Economically disadvantaged Americans are more likely to have complex family ties spanning multiple households; they are also bearing the brunt of the coronavirus health effects and economic hardships, she says.

“Working-poor parents are most at risk of losing their jobs, are more vulnerable to contracting the disease at work or on their commutes, are less likely to have health insurance, and often have limited savings to cushion the economic toll,” says Mark Mather, PRB associate vice president of U.S. Programs.

NICHD-supported family scholars recently took a close look at the ways family life has become more complex, unstable, and unequal over the past decade, as reported in the Journal of Marriage and Family. They identified seven interrelated trends.

1. Americans Are Retreating From Marriage

“More of the population of the United States is currently unmarried than ever before,” report Benjamin Karney and Thomas Bradbury of the University of California, Los Angeles.In 2019, about 53% of all U.S. adults ages 18 and older were currently married, compared with 70% in 1970.3

Driving this decline is more young adults delaying marriage to older ages, more couples cohabiting before or instead of marrying, couples still divorcing at relatively high rates, and fewer adults remarrying following a divorce or the death of a spouse, the researchers report.

Pamela Smock of the University of Michigan-Ann Arbor and Christine Schwartz of the University of Wisconsin-Madison point to a “marriage divide” by education level and race and ethnicity.4 In 2019, 41% of women without a high school diploma were currently married compared with 47% of those with high school diplomas or some college and 62% of those with a bachelor’s degree or more.5 In the early 1970s among women in their early 40s, over 90% of both non-Hispanic black and white women had ever married; by 2019, fewer than two-thirds of black women had ever married compared with 87% of white women.6

2. Debt, Low Wages, Uncertain Employment Have Become Barriers to Marriage

Surveys show that Americans now “appear to tie marriage ‘readiness’ to having comfortable income, little or no debt, and a secure job,” Smock and Schwartz report. “Marriage has come to be seen as a luxury good, a step to be taken after one has achieved a comfortable level of economic stability.”

“Those markers of economic stability have become less available to those without college degrees as the number of well-paid, skilled manufacturing jobs has declined.”

Another barrier to marriage is high incarceration levels, which affects the availability of male partners and the income-earning prospects of those released, they suggest.

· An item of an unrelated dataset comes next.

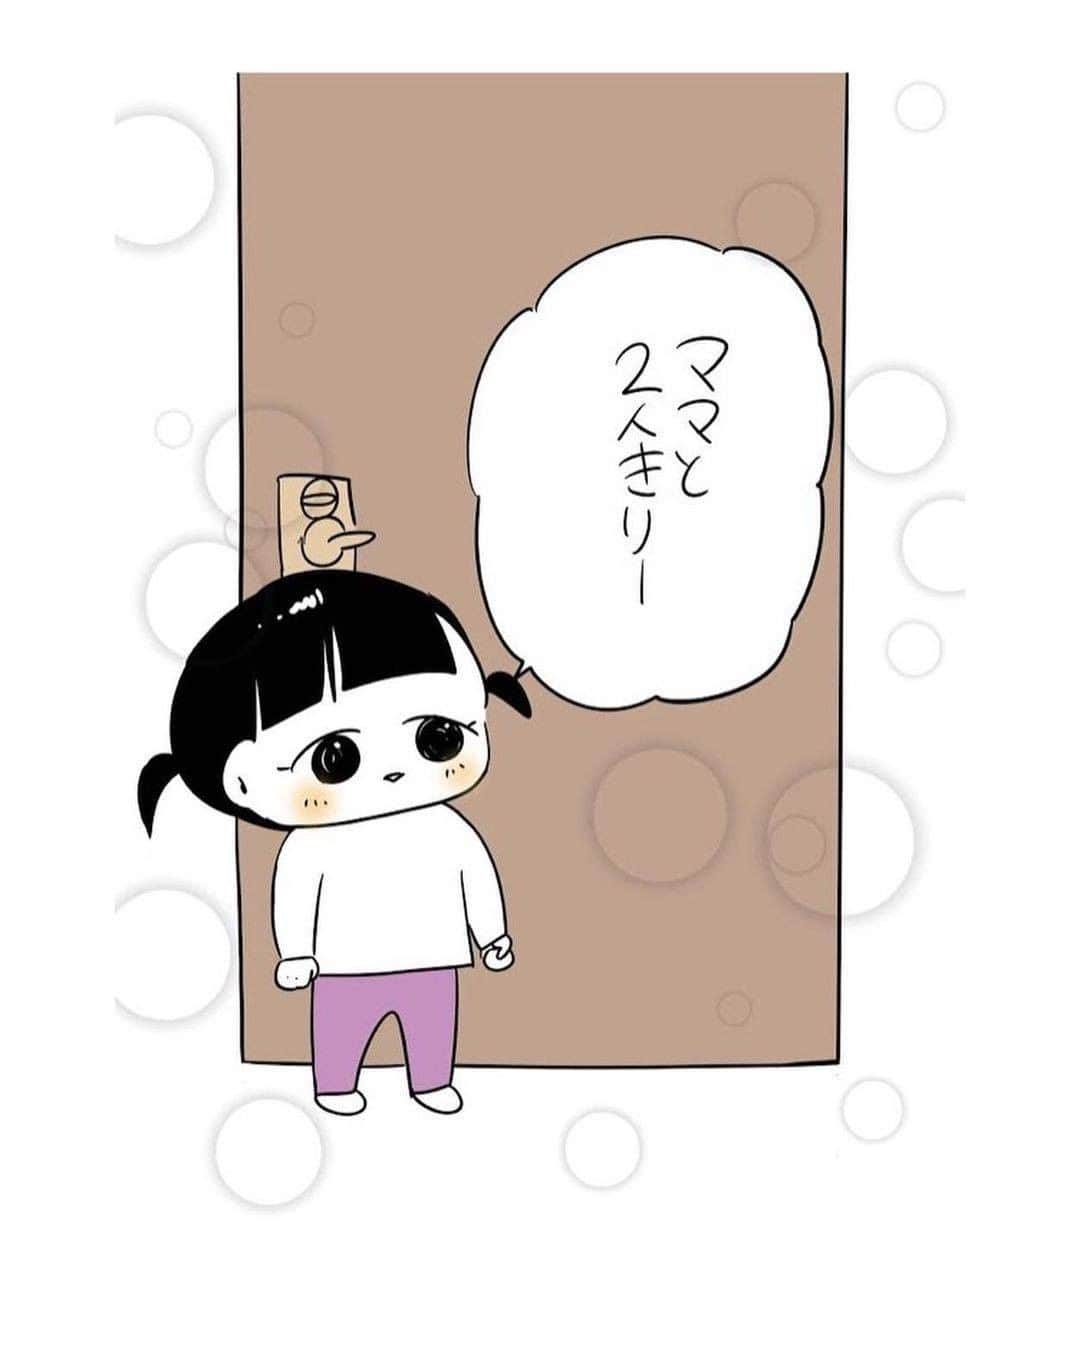 ママリさんのインスタグラム写真 - (ママリInstagram)「大きくなった時のデートが楽しみな母💕 #ママリ #家族を話そう⠀﻿⁠⁠⠀⁠ ⁠.⠀⠀﻿⁠⠀⁠ ＝＝＝⠀⠀⁠ .⁠ いつもトイレまでついてきて鍵を必ず閉める娘。 他の部屋に行った時もやたらドアを閉めるのでママを独り占めしたいのかな？って思うと もうたまらんですね。 . ⁠ ＝＝＝ ⁠ . ⠀﻿⁠⠀⁠ @shirota.yunya さん、素敵な投稿ありがとうございました✨⁠⠀⁠ . ⁠⠀⁠ ⌒⌒⌒⌒⌒⌒⌒⌒⌒⌒⌒⌒⌒⌒⌒⌒*⁣⠀﻿⁠⠀⁠⠀⁠ みんなのおすすめアイテム教えて❤ ​⠀﻿⁠⠀⁠⠀⁠ #ママリ口コミ大賞 ​⁣⠀﻿⁠⠀⁠⠀⁠ ⠀﻿⁠⠀⁠⠀⁠ ⁣新米ママの毎日は初めてのことだらけ！⁣⁣⠀﻿⁠⠀⁠⠀⁠ その1つが、買い物。 ⁣⁣⠀﻿⁠⠀⁠⠀⁠ ⁣⁣⠀﻿⁠⠀⁠⠀⁠ 「家族のために後悔しない選択をしたい…」 ⁣⁣⠀﻿⁠⠀⁠⠀⁠ ⁣⁣⠀﻿⁠⠀⁠⠀⁠ そんなママさんのために、⁣⁣⠀﻿⁠⠀⁠⠀⁠ ＼子育てで役立った！／ ⁣⁣⠀﻿⁠⠀⁠⠀⁠ ⁣⁣⠀﻿⁠⠀⁠⠀⁠ あなたのおすすめグッズ教えてください🙏 ​ ​ ⁣⁣⠀﻿⁠⠀⁠⠀⁠ ⠀﻿⁠⠀⁠⠀⁠ 【応募方法】⠀﻿⁠⠀⁠⠀⁠ #ママリ口コミ大賞 をつけて、⠀﻿⁠⠀⁠⠀⁠ アイテム・サービスの口コミを投稿するだけ✨⠀﻿⁠⠀⁠⠀⁠ ⁣⁣⠀﻿⁠⠀⁠⠀⁠ (例)⠀﻿⁠⠀⁠⠀⁠ 「このママバッグは神だった」⁣⁣⠀﻿⁠⠀⁠⠀⁠ 「これで寝かしつけ助かった！」⠀﻿⁠⠀⁠⠀⁠ ⠀﻿⁠⠀⁠⠀⁠ あなたのおすすめ、お待ちしてます ​⠀﻿⁠⠀⁠⠀⁠ ⁣⠀⠀﻿⁠⠀⁠⠀⁠ * ⌒⌒⌒⌒⌒⌒⌒⌒⌒⌒⌒⌒⌒⌒⌒⌒*⁣⠀⠀⠀⁣⠀⠀﻿⁠⠀⁠⠀⁠ ⁣💫先輩ママに聞きたいことありませんか？💫⠀⠀⠀⠀⁣⠀⠀﻿⁠⠀⁠⠀⁠ .⠀⠀⠀⠀⠀⠀⁣⠀⠀﻿⁠⠀⁠⠀⁠ 「悪阻っていつまでつづくの？」⠀⠀⠀⠀⠀⠀⠀⁣⠀⠀﻿⁠⠀⁠⠀⁠ 「妊娠から出産までにかかる費用は？」⠀⠀⠀⠀⠀⠀⠀⁣⠀⠀﻿⁠⠀⁠⠀⁠ 「陣痛・出産エピソードを教えてほしい！」⠀⠀⠀⠀⠀⠀⠀⁣⠀⠀﻿⁠⠀⁠⠀⁠ .⠀⠀⠀⠀⠀⠀⁣⠀⠀﻿⁠⠀⁠⠀⁠ あなたの回答が、誰かの支えになる。⠀⠀⠀⠀⠀⠀⠀⁣⠀⠀﻿⁠⠀⁠⠀⁠ .⠀⠀⠀⠀⠀⠀⁣⠀⠀﻿⁠⠀⠀⠀⠀⠀⠀⠀⠀⠀⠀⠀⠀⁠⠀⁠⠀⁠ 👶🏻　💐　👶🏻　💐　👶🏻 💐　👶🏻 💐﻿⁠ #育児日記 #育児漫画 #子育て #育児絵日記 #育児イラスト #子育て日記 #成長記録  #子育て漫画 #子育て記録 #子育て絵日記 #子育てあるある #育児あるある #ママあるある #赤ちゃんあるある #新生児#0歳 #1歳 #2歳 #3歳 #産後 #女の子ママ#男の子ママ #トイレ#鍵#娘好き#結婚」12月21日 12時03分 - mamari_official

3. Cohabitation, Now Common, Is Less Likely to Be a Pathway to Marriage for Lower-Income Americans

Living together instead of marrying has become the norm: Among women ages 25 to 29, nearly half (49%) had ever cohabited in 1995, “rising to a striking 73% in 2011 to 2013,” report Smock and Schwartz.7

Cohabiting relationships tend to be short: Most marry or dissolve their partnership within two or three years, with evidence of higher levels of break ups in recent years, they say. Numerous studies suggest that cohabitation has become less of a stepping stone to marriage, particularly for economically disadvantaged women, who are less likely to transition to marriage than college-educated women, according to Smock and Schwartz.8 Instead “serial cohabitation—cohabiting more than once—has been rising and is more widespread among the less educated.”9

4. More Children Are Being Born to Unmarried Parents, Particularly Cohabiting Couples

The share of children born to unmarried parents has doubled since the 1980s, rising from 21% in 1980-1984 to 43% in 2009-2013.10

Smock and Schwartz point to a “decoupling of marriage and childbearing”: Births to cohabiting couples (whose relationships tend to be less stable than those of married couples) represented 26% of all U.S. births in 2010-2014 and accounted for nearly all the recent increase in nonmarital births.11

Nonmarital births are more prevalent among mothers with lower education levels: In 2009-2013, 68% of births to mothers with less than a high school diploma were to unmarried mothers, compared with 11% for mothers with a college degree, they report.12

They also noted differences by race and ethnicity: In 2016, the share of nonmarital births among black women was 70%, compared with 53% for Latinas and 29% among white women.13

5. Divorce Rates Remain High, Despite Declines

Recent estimates suggest that divorce continues to be “financially devastating” for mothers and children, report R. Kelly Raley of the University of Texas at Austin and Megan Sweeney of the University of California, Los Angeles.14

U.S. divorce rates are among the world’s highest, although they have declined from their peak in 1980, according to the researchers. Divorce rates have dropped since the 1990s for couples in their 20s and 30s, which suggests that only the most committed couples marry. Divorce rates “increased dramatically” among those ages 50 and older, possibly a sign of the instability of second marriages.

Smock and Schwartz identify stark differences in marital stability by education level and by race and ethnicity.15 Women with at least a bachelor’s degree have a much higher probability of their marriage lasting 20 years than women with a high school diploma (78% versus 41%). Men with bachelor’s degrees are more likely than men with high school diplomas to reach the 20-year mark (65% versus 47%).16

Black women have the highest risk of divorcing or separating within 20 years of marriage (63%), followed by Latinas, non-Hispanic white women, and Asian American women (47%, 46%, and 31% respectively). These differences likely reflect variations in education and income levels, they say.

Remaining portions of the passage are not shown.